As shown in FIGS. 28 and 29, the quill assembly D3 of the motor assembly D consists of a frame 90, cast with two identical disks 91, two identical arms 92 and two identical wings 93 thereon and two identical notches 94 therein. The frame 90 is bored to accommodate a quill 95, around one end of which are secured a collar 96 and a saw guard cradle 97 bolted together. Two identical threaded stop rods 98, with two nuts 99 on either but not both of the stop rods 98 are secured to the collar 96 and pass through the wings 93. The choice of which stop rod 98 bears the nuts 99 is governed by the left-hand or right-hand use of the present invention. Two identical trunnions 100 are secured to the arm 92 and two identical grommet bolts 101 with nuts are secured in the notches 94.
A bevel index pointer 102, which serves also to square the circular saw blade at 90° with the work table, slips over either trunnion 100 and is locked thereon, after the saw blade is squared with the table. The bevel index pointer 102 consists of an upper part "a" and a lower part "b", connected by two bolts "c". A typical radial arm saw plunger "d" is located in the upper part "a". The choice of which trunnion 100 on which to locate the bevel index point 102 is governed by the left-hand or right-hand use of the present invention.
To enable a long extendible spindle to be housed in limited space, the present invention reverses the mobility of two of the components which make spindle travel possible.
As shown in the inset in FIG. 32, the conventional method uses a mobile keyed, splined or square shaft 103c which travels through a stationary mating socket 104c.
Reversing the principle of the conventional method is accomplished by the present invention by broaching a mating socket 104 in one end of a counterbored tube 105 and inserting a spindle tip 106 in the other end of the tube 105. In the conventional method, the tip 106 is part of the shaft 103c. The stationary shaft 103 used in the present invention is notched at the radial bearing end, to accommodate the tang of a gear box.
As shown in FIGS. 33 and 34, the motor D4 of the motor assembly D consists of a 3-piece frame 107, an armature 108 and a field 109. The armature shaft 110 is threaded at one end, to accommodate a router chuck, and notched at the other end to accommodate the tang of a gear box.
By retaining a constant length armature shaft 110 and a constant size commutator 111, the present invention provides optional horsepower in a one-size frame through armatures and fields of different stack heights or lengths.
As shown in FIGS. 35 and 36, the quill assembly D3 and the motor D4 are aligned and connected through the use of two alignment dowels 112 and four bolts 113, located as shown also in FIG. 37. That makes it possible for a failed motor to be replace quickly and easily with an inexpensive spare motor, without having to remove and transport or ship the entire motor assembly, complete with yoke and carriage, for servicing. The wing 93 is numbered in FIG. 35, to clarify what the solid line rectangle represents.

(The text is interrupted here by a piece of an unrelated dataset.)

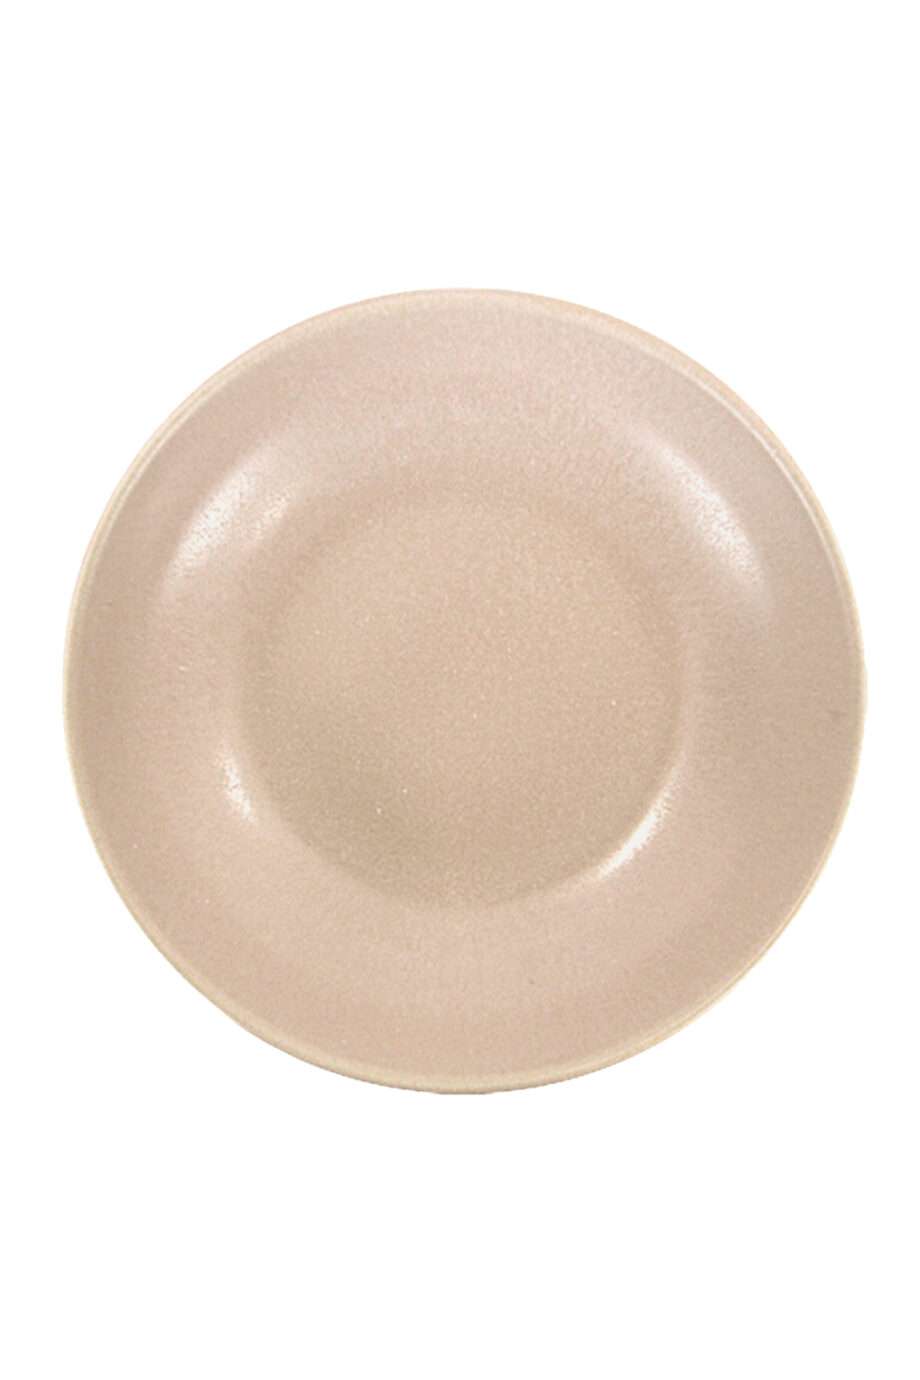 salad bowl powder rose mat ceramic large

The front elevation of the motor and complete quill assembly connected, shown in FIG. 38, provides a side elevation of the bevel index pointer 102, attached to one trunnion 100.

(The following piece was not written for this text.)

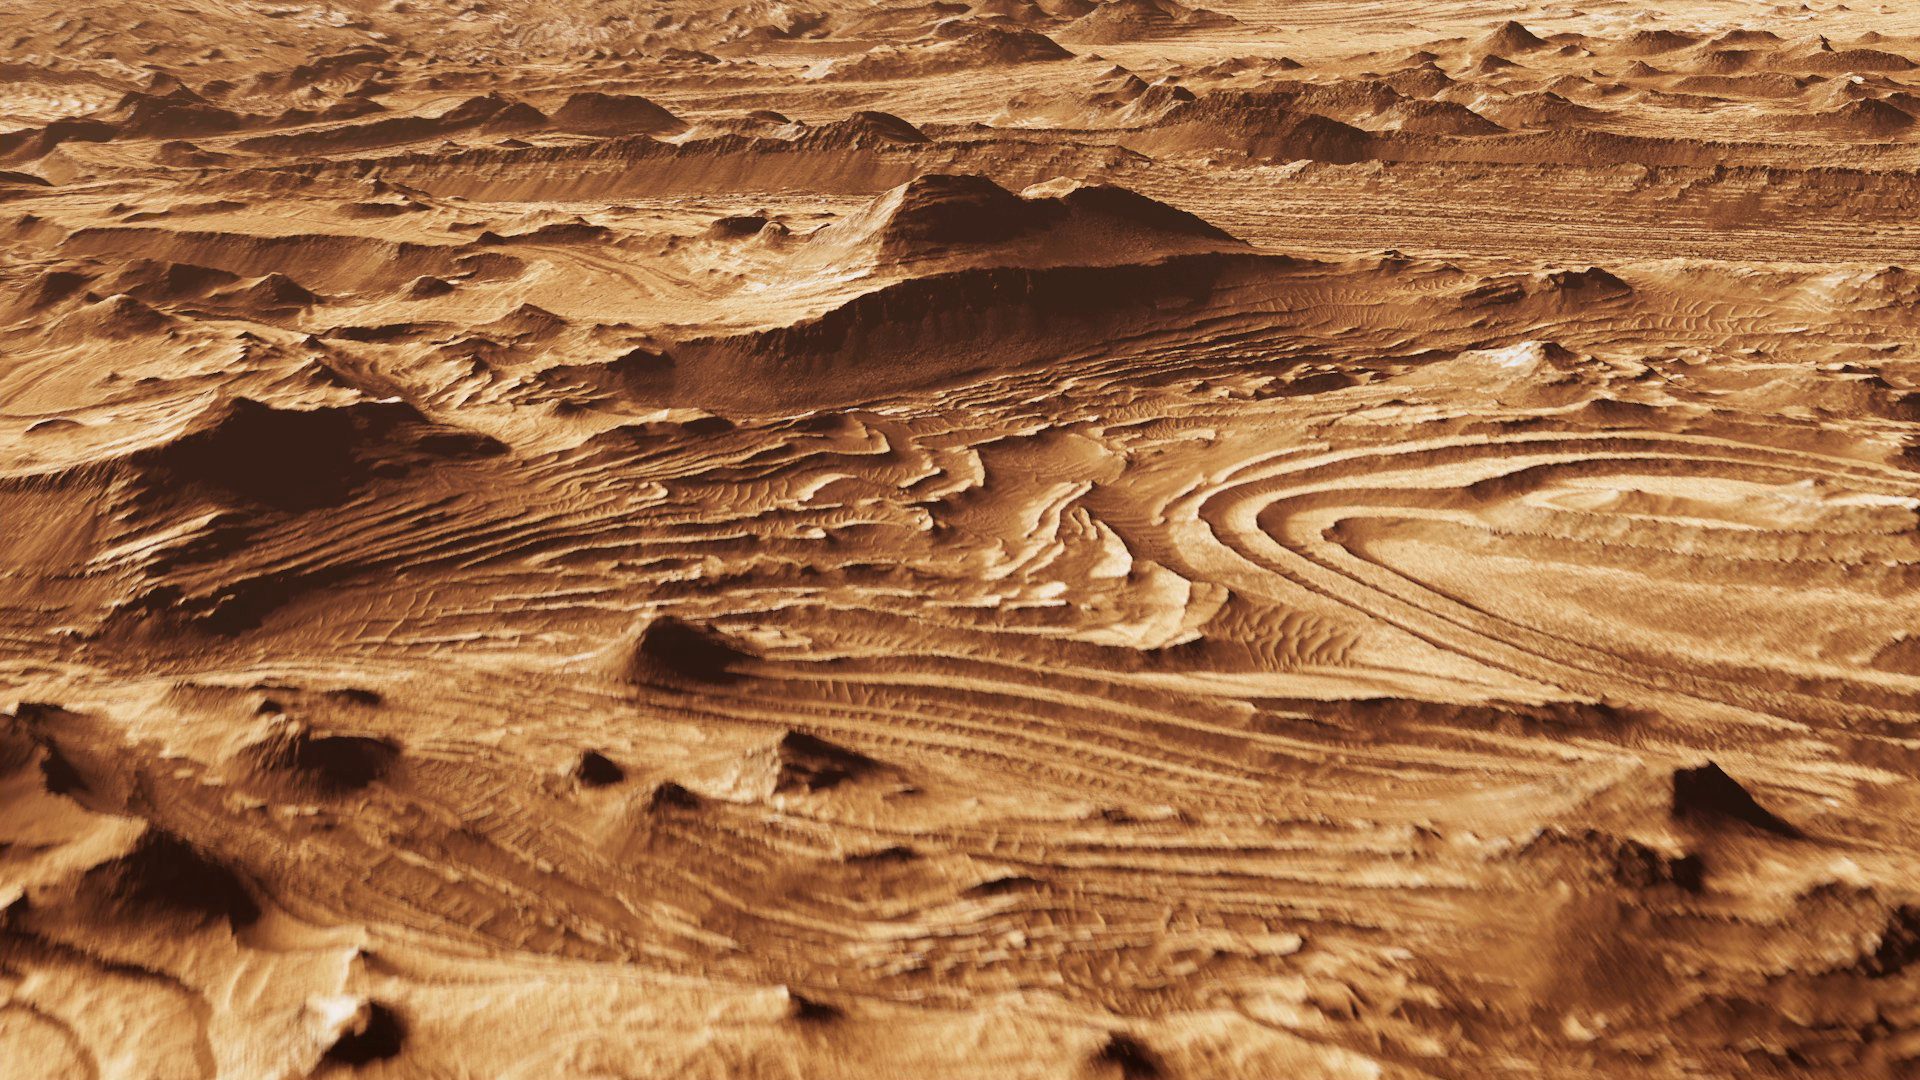 General 1920x1080 Mars planet landscape mountains space

As shown in FIGS. 39, 40, 41 and 42 the circular saw guard D5 of the motor assembly D differs from conventional radial arm saw guards in its shape and the transferability of its lock components 114 to either side of the circular guard 115, to provide for left-hand or right-hand use. The shape of the saw guard 115 places the sawdust exhaust elbow or chute 116 at a point close to where the sawdust 117 is created by the circular saw blade 118, rotating clockwise in right-hand use and counter-clockwise in left-hand use, thus reducing the amount of dust which may escape elimination through the elbow 116.
As shown in FIG. 43, the gear box D6 of the motor assembly D consists of a front plate 119 and a rear plate 120 bolted together. Both plates have external grooves 121 located on either side and both plates are recessed to provide an enclosure for any desired configuration of gears which will fit within its confines. The recesses 122 are pear-shaped to induce grease splattered to the sides to move downward for upward re-circulation.
Regardless of the gearing configuration, the upper and lower gears are equipped with spindles which protrude through the front plate in the form of an input tang 123 and an output tang 124 which seat respectively in the notched ends of the motor D4 armature shaft 110 and the quill assembly D3 shaft 103 shown in FIG. 45. While the rotation and speed of the input tang 123 are constants governed by the rotation and speed of the armature shaft 110, the rotation and speed of the output tang 124 are governed by the gearing configuration.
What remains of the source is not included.